Station Eleven
Emily St John Mandel

Station Eleven is a pandemic story about a virus named the Georgia Flu that wipes our 99% of the earth’s population. The 333 pages are split into 55 short chapters and 9 parts that switch characters and time periods at a bewildering but engaging pace. It’s not a tale of humankind’s collapse into something more brutal and sparse (although there are hints of this), but more a collection of uplifting survivor stories. The narrative centres on a few interconnected characters that are related to an ageing actor, Arthur Leander who dies on stage within the first few pages. This is the night the pandemic hits Toronto and the following eight parts explore each of these characters pre and post the Pandemic.

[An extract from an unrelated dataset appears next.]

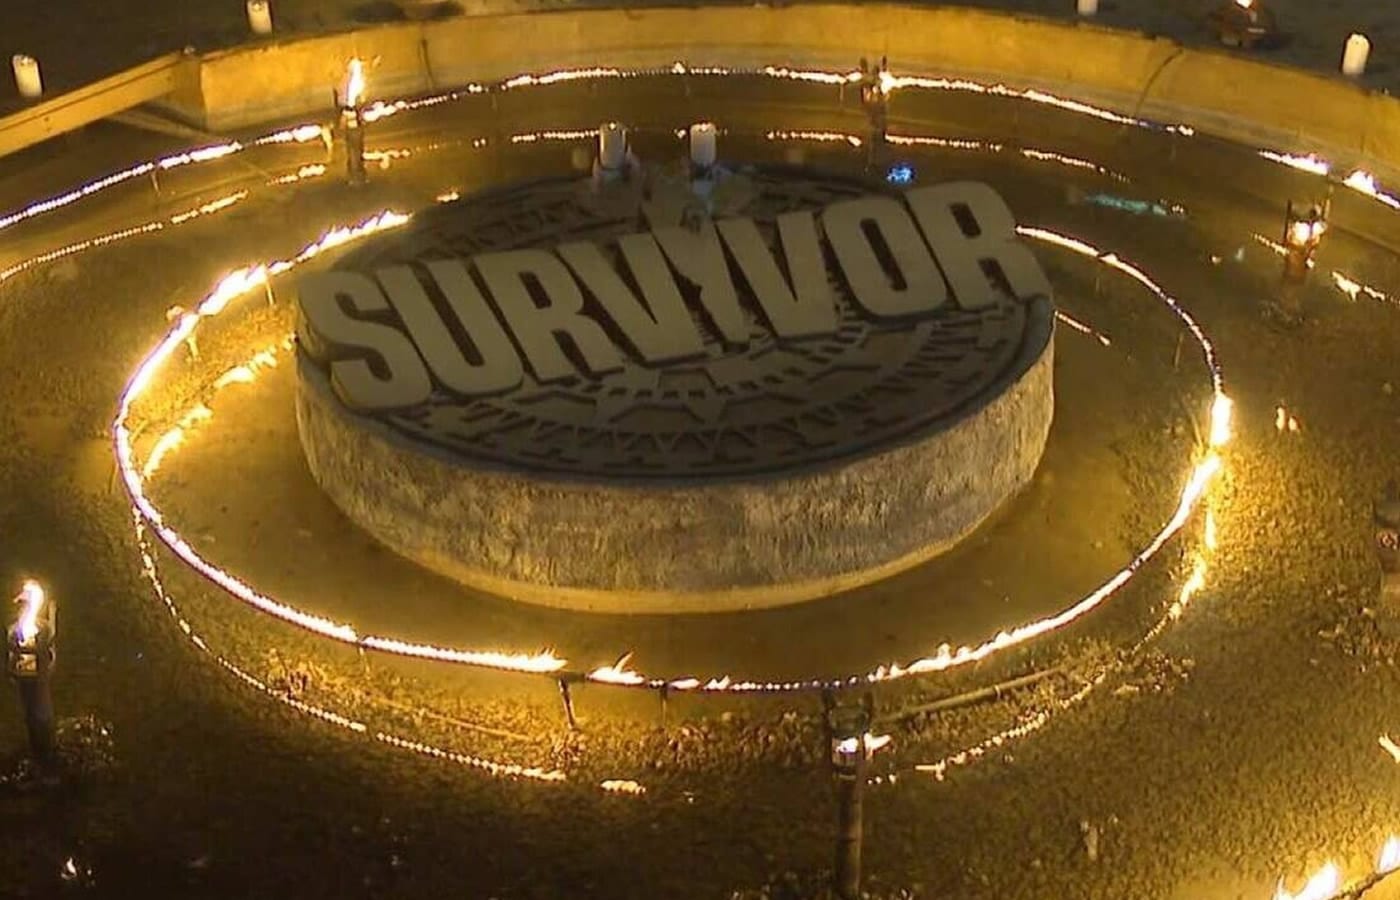 Τα νεύρα είναι τεντωμένα στο Survivor All Star και αυτό δεν αφορά Μόνο τον ηλιακό και τον Τάκη Καραγκούνια, αφού σύμφωνα με το Survivor spoiler

There is Kirsten who is eight years old at the beginning, and on stage with Arthur when he dies, Jeevan, who is in the audience and witnesses his death, Miranda and Elizabeth, his ex-wives, his son, Tyler, and Clark his oldest and closest friend. The story circles through these characters, telling their intertwined back stories and what happened to them after the Pandemic.
The post Pandemic part of the story focuses on Kirsten to begin with. It’s twenty years later and the Pandemic has done its worst and a civilisation of sorts is starting to emerge. She tours the new settlements with a theatre troop performing Shakespeare. Why create a theatre troop after the world has fallen apart? As the lead caravan states in white lettering “The Travelling Symphony: because survival is insufficient”.

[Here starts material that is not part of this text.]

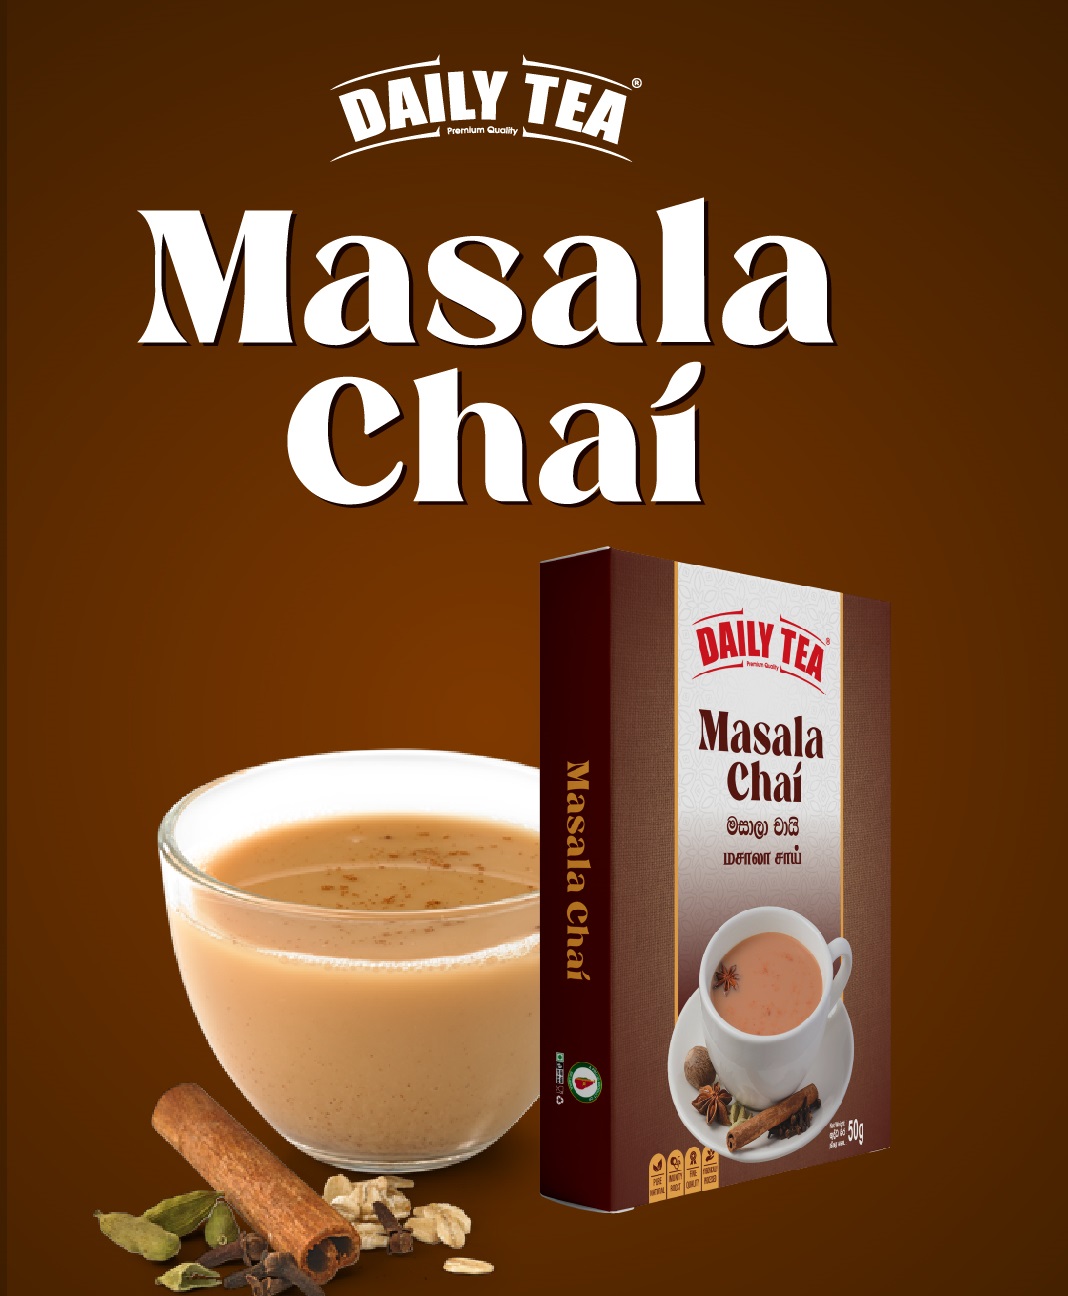 Daily Tea Masala Chai 50G Box 100% Natural Spices Ceylon Tea Immunity Boost Herbal Tea

The arts are of course a key characteristic of a civilised society and a nod to the improving state of the world. The troop have been on the road since year five touring an area in North East America around Lake Michigan. As part of their travels they run into a doomsday cult and a large part of the plot is them escaping the consequences’s of that encounter.
There isn’t the death and violence you usually see in apocalypse stories, it’s hinted at and talked about, but the story is more an ode to what was lost, the before and after, but it’s ultimately hopeful about what humanity will recreate and build again. For some people, like Clark, who becomes a curator of historical artefacts at an airport settlement, and Jeevan, who creates a new peaceful life with a women he meets, the pandemic feels like the best thing that happened to them. Clark states he is happy now, content, whereas previously he was “sleepwalking” through life. It’s disconcerting that something so horrific can be the new start they needed.
You can read an interview about this book with Emily St John Mandel on Tor
This is a worthy addition to the pantheon of pandemic disaster stories.